Theophany Hymns

P. 11633


„Rejoice in the Lord all the earth.“ Many hymns have been handed down from the ancient Christian context. Sometimes they are even related to specific occasions. Certain festivals of the church year already had their liturgical hymn texts even in the early days of Christianity. One such example has been preserved on this papyrus from the Berlin Papyrus Collection.

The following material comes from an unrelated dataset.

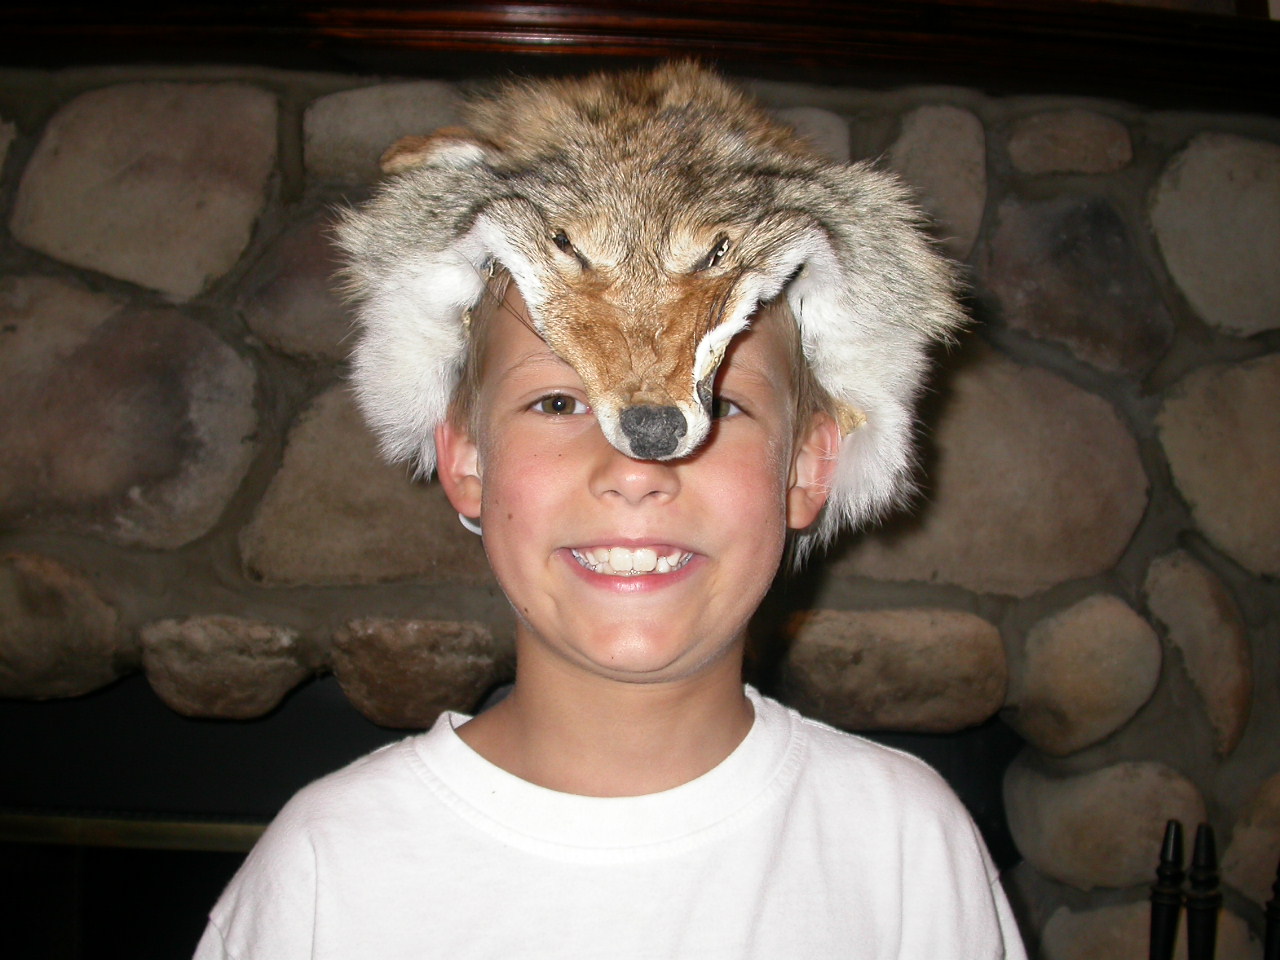 Coyote Face Mask coyote face masks, coyote halloween masks, coyote face halloween masks

The narrow papyrus sheet is complete at both sides and the bottom, but broken off at the top. The text has been written in a rather neat script, clearly sloping to the right, which can be dated to the late 8th or 9th century AD. The initial letters of lines 8 and 29 are enlarged and project into the left margin. This should make it clear that a new section is beginning here. This separation is additionally marked at the end of line 28, where a colon and a curved bow have been placed to fill the rest of the line. However, since an unknown number of lines are no longer present at the beginning of the text, it remains uncertain whether the preserved text belongs to a hymn with several sections or at least whether a second hymn begins in line 29. Within the text, sense units have been separated by superscript slashes or a tick to facilitate reading or singing of the hymns. There are occasional corrections above the lines. Spelling and grammar are poor, making it difficult to understand the text and forming a clear contrast to the neat script. As is often the case in Christian texts, the nomina sacra have been shortened and a line drawn across the letters.

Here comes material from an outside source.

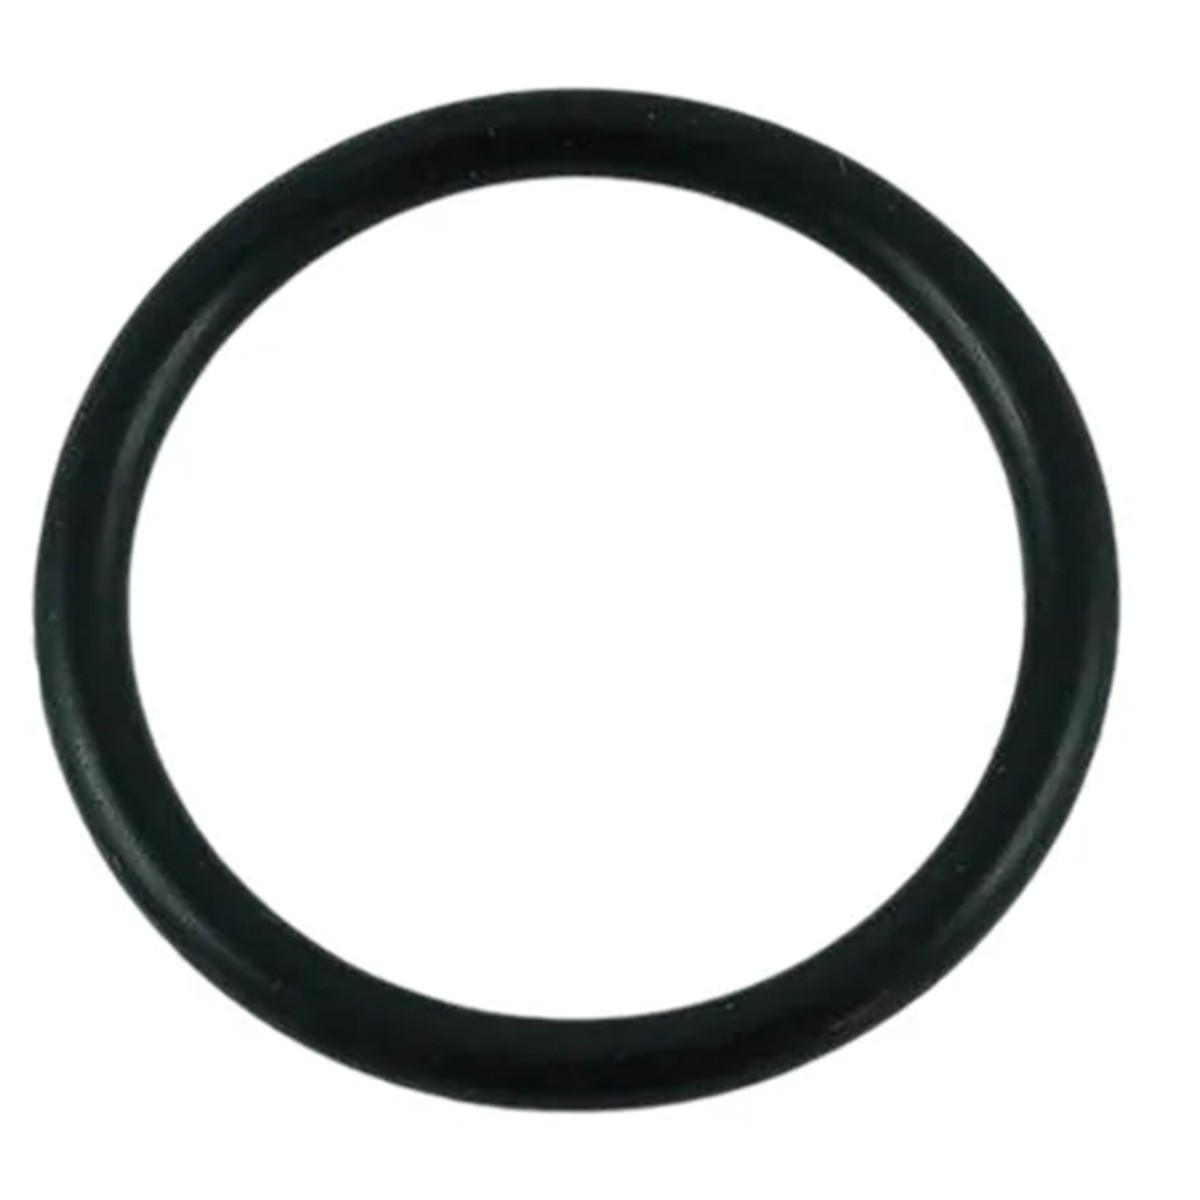 O-ring 21.80 x 2.40 / LS XJ25 / LS MT3.35 / LS MT3.40 / LS MT3.50 / LS MT3.60 / S801022010 / 40029209

The baptism of Jesus Christ in the Jordan is the topic of the hymns. Within the church year it has been celebrated with the feast Theophany (Epiphany – appearance of the Lord) on the 6th January. The text is based on the New Testament accounts of this event and uses several verses from the Old Testament Psalms. In the incompletely preserved first section, the text begins with the arrival of Jesus Christ at the Jordan and his joy at his impending baptism. Above all, his majesty and glory are celebrated. In the second section, the congregation is called to rejoice and be glad about this event. The birth of Jesus Christ is first recalled and then reference is made to various miracles from his later life: the turning of water into wine at the wedding in Cana, the healing of a blind man in the pool of Siloah, the healing of a leper and the feeding of the five thousand with five loaves of bread. At the end of this section, the narrative thread of the first section is resumed and the baptism by John and God’s recognition of Jesus as Son is described. The last section once again gives a rather sober account of the events at the Jordan. This contrast to the first two sections, the repetition of details and the clear separation of the last section from the rest of the text described above make it conceivable that a new hymn is discernible here.

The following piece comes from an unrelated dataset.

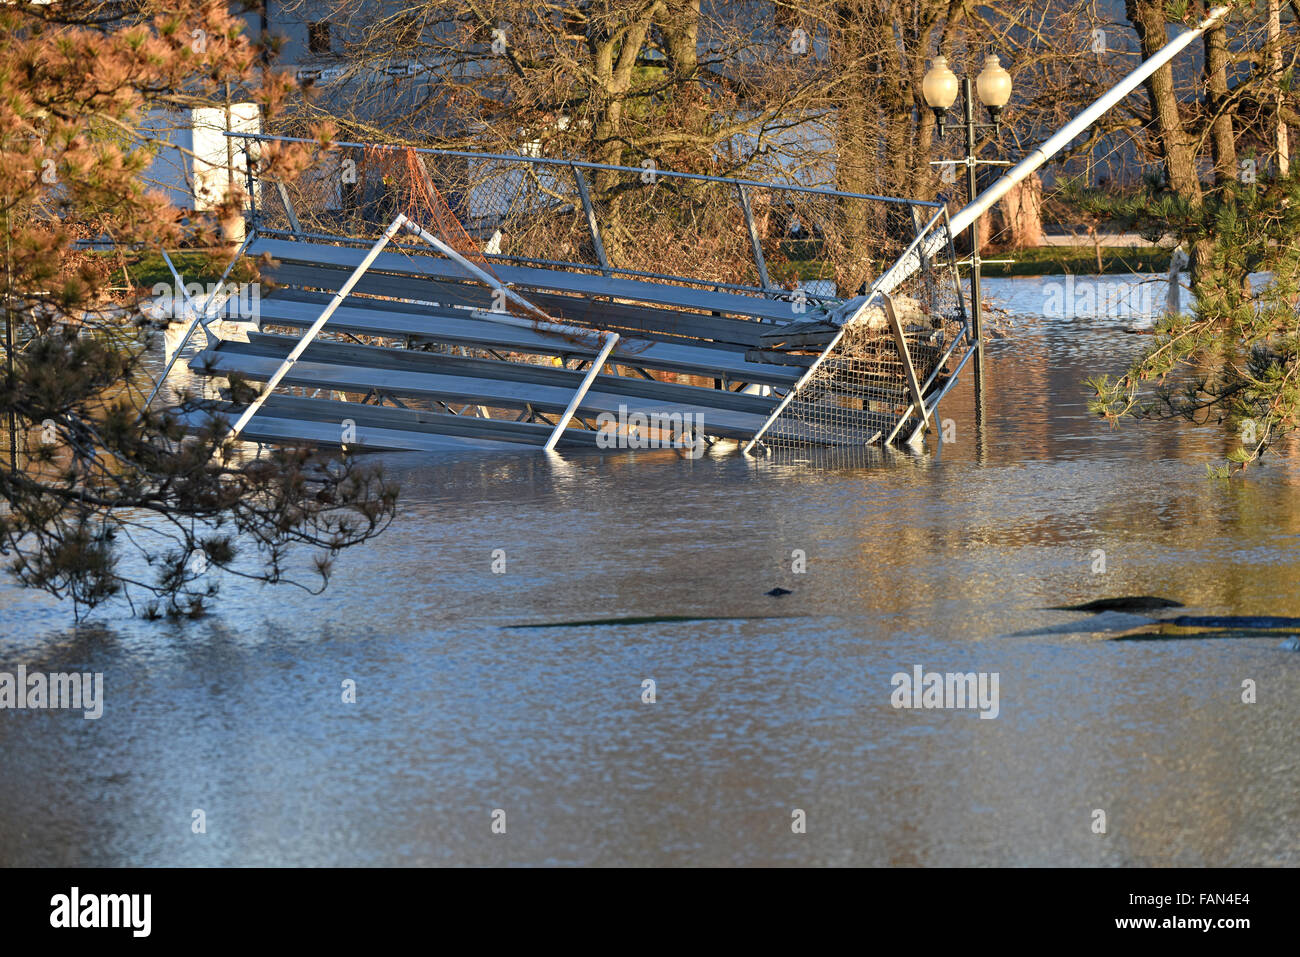 Valley Park, Missouri, États-Unis. 1er janvier 2016. Les eaux de crue de la rivière Meramec près du parc à proximité, dans la vieille ville de Fenton. Crédit : Gino's Premium Images/Alamy Live News Banque D'Images

It is possible that the leaf was used as an amulet, as might be indicated by the traces of folding. Both hymns show that Epiphany was already celebrated as the feast of baptism in Egypt of that time. In the first hymn in particular, the richness of this feast also becomes clear when various miracles are mentioned and associated with this feast.

These Christian hymns were on display in the special exhibition „Soundscapes – Music in Ancient Egypt“.